Сочувствие несчастному больному, заставило меня обернуться, но я увидел лишь плотно закрытую дверь в комнату, только что мною покинутую, и лица провожавших меня «бесталанных актеров», похожие на грубо слепленные старинные маски, изображающие и печаль и радость одновременно. Все настоящие чувства остались в комнате больного, а здесь… мне делать было уже нечего. И уходя, я надеялся лишь на то, что после моего посещения бедного кожевника оставят в покое, и никто не отважится отравить его вновь.
Глава V. Падение
Дневник.Окончание записей от 13 февраля 1666 года.
Я чувствовал себя разбитым, усталым. Мне очень хотелось поскорее вернуться в свою маленькую тихую келью, лечь в постель и забыться сном, с надеждою на то, что в этот раз он принесет мне отдохновение, успокоение и быть может забвение. Но на узенькой улочке, где ютился дом Скинов, нечего было даже надеяться найти наемный экипаж и я, медленно ковыляя, отправился в собор пешком.

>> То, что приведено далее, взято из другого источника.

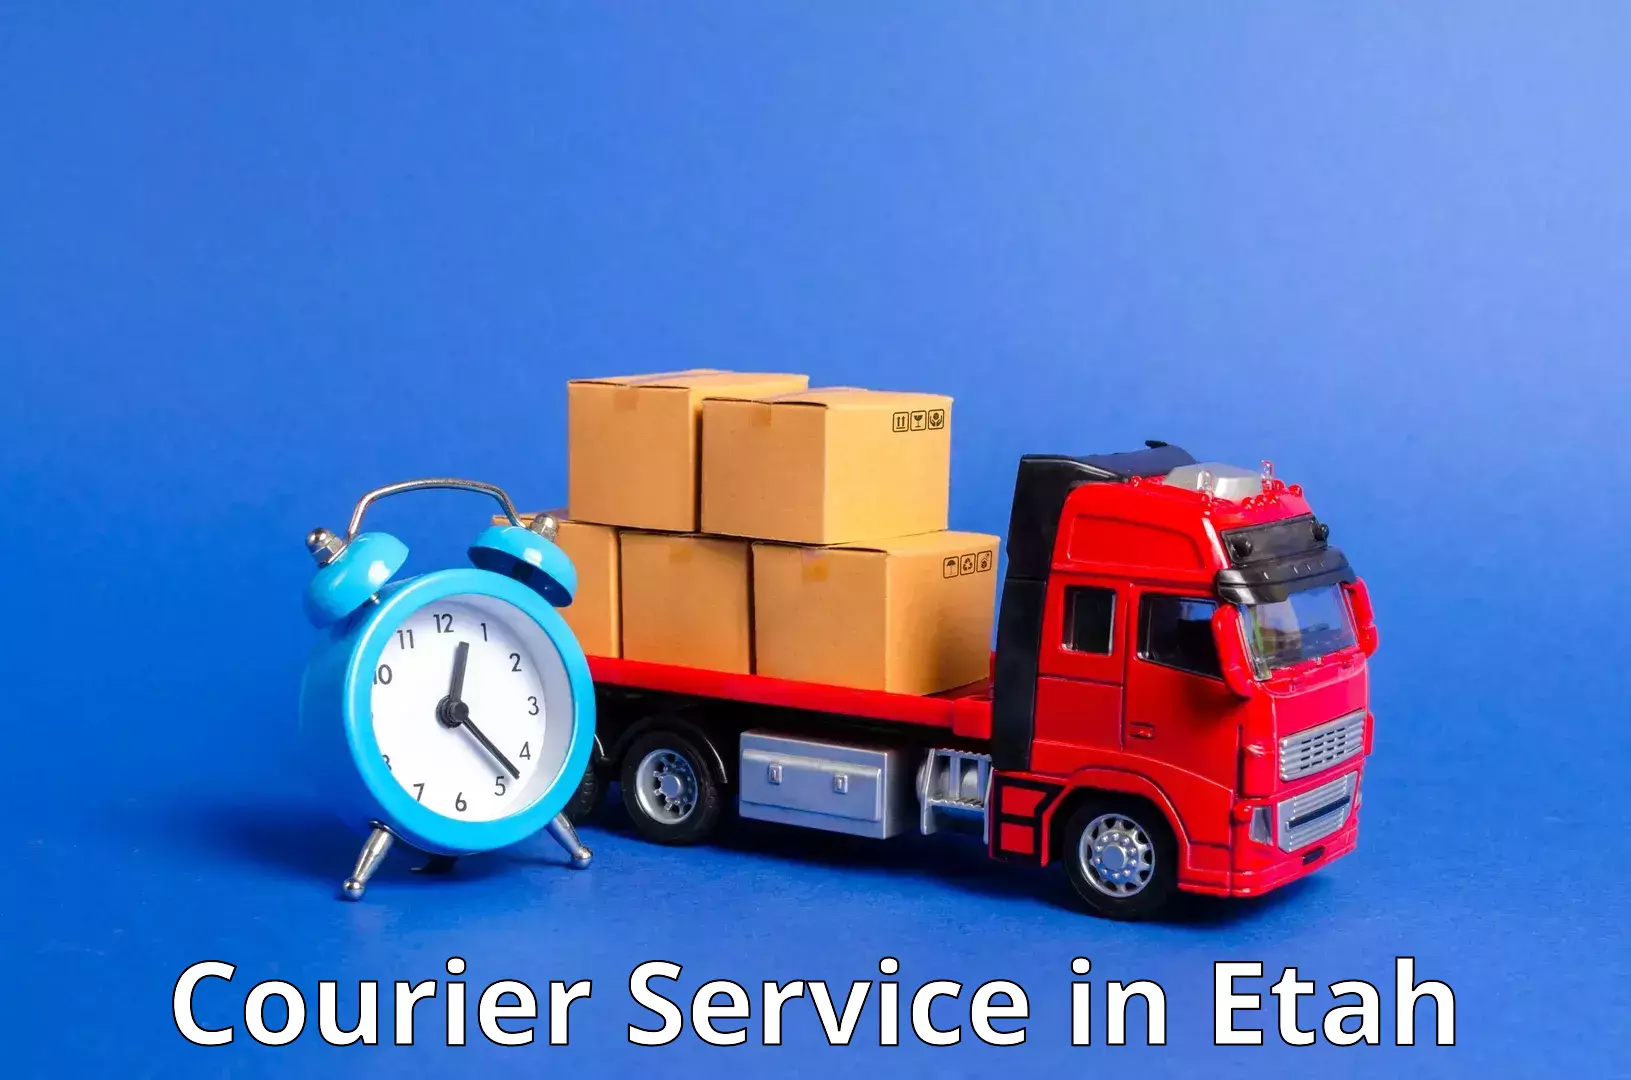 Efficient courier operations in Etah

Было довольно поздно. Туман уже опустился с крыш домов к их подножью и сгустился до такой степени, что дальше трех шагов разглядеть что-либо было непросто. Дома и раньше отчего-то казались безлюдными, а теперь такими же стали и улицы. Только на мосту Флит несколько раз дорогу мне перебежали кошки, наверняка встревоженные, отдаленным собачьим воем, раздававшимся с той стороны реки. Оставалось лишь догадываться о его причине, ведь трудно представить, чтобы сквозь туманную мглу можно было увидеть луну.

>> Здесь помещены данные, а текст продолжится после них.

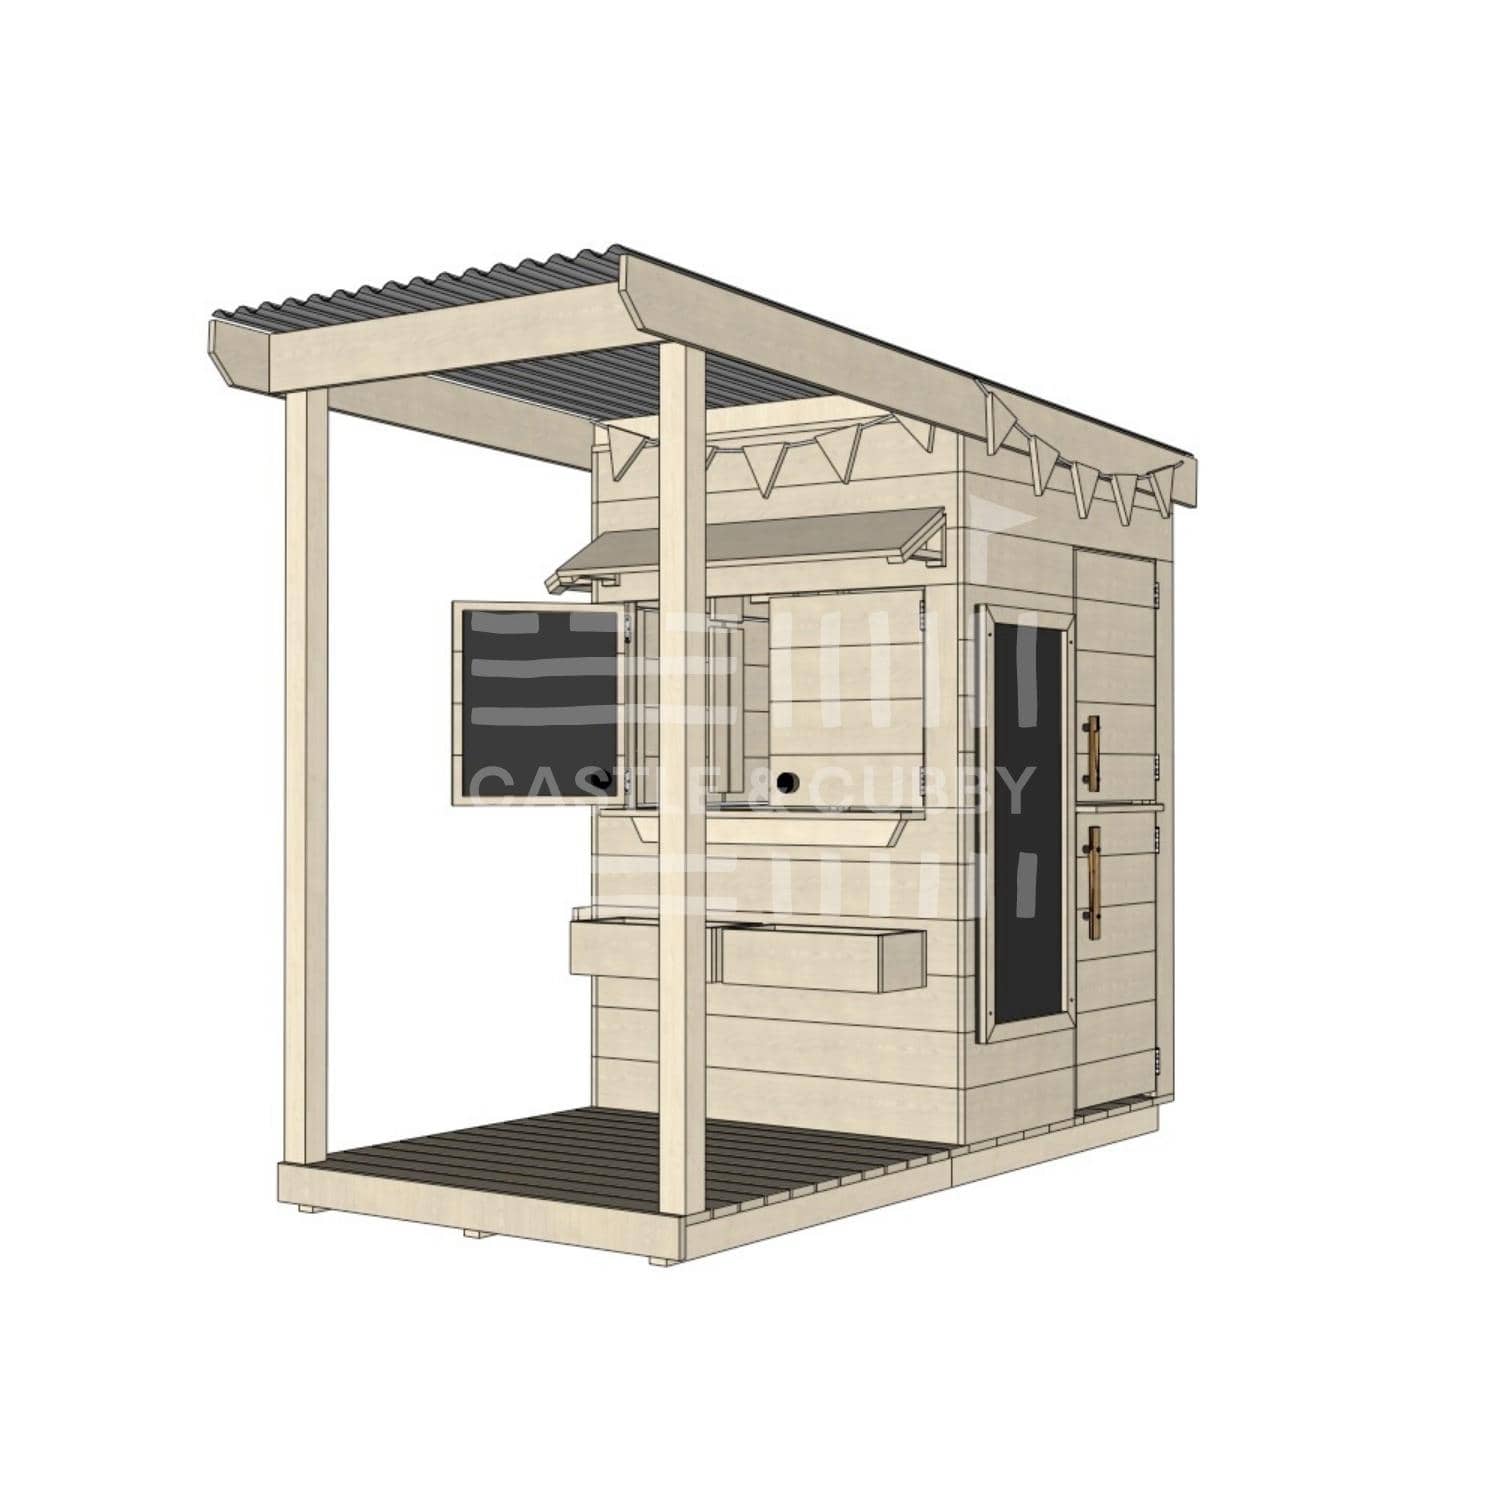 Pine timber extended height house with front verandah and deck for family gardens little square size with accessories

Как бы то ни было, этот вой, временами перемежавшийся с лаем, заставил меня ускорить шаг. Я опасался разбойников. Поздний вечер, густой туман, пустынные улицы: все делало это время очень удобным для воров и убийц. И, кажется, я имел основания для тревоги: меня вновь начали терзать предчувствия, а за каждым столбом или тумбой мне чудились тени. Столько неприятных, грустных и подчас страшных событий произошло со мной за день, что даже сама мысль: «Этот день еще не закончился», вызывала странное ощущение того, будто должно случиться что-то еще – нечто такое, что стало бы венцом всей этой череды несчастий. С нетерпением и страхом я ожидал этого события, надеясь, что хоть на сегодня оно окажется последним.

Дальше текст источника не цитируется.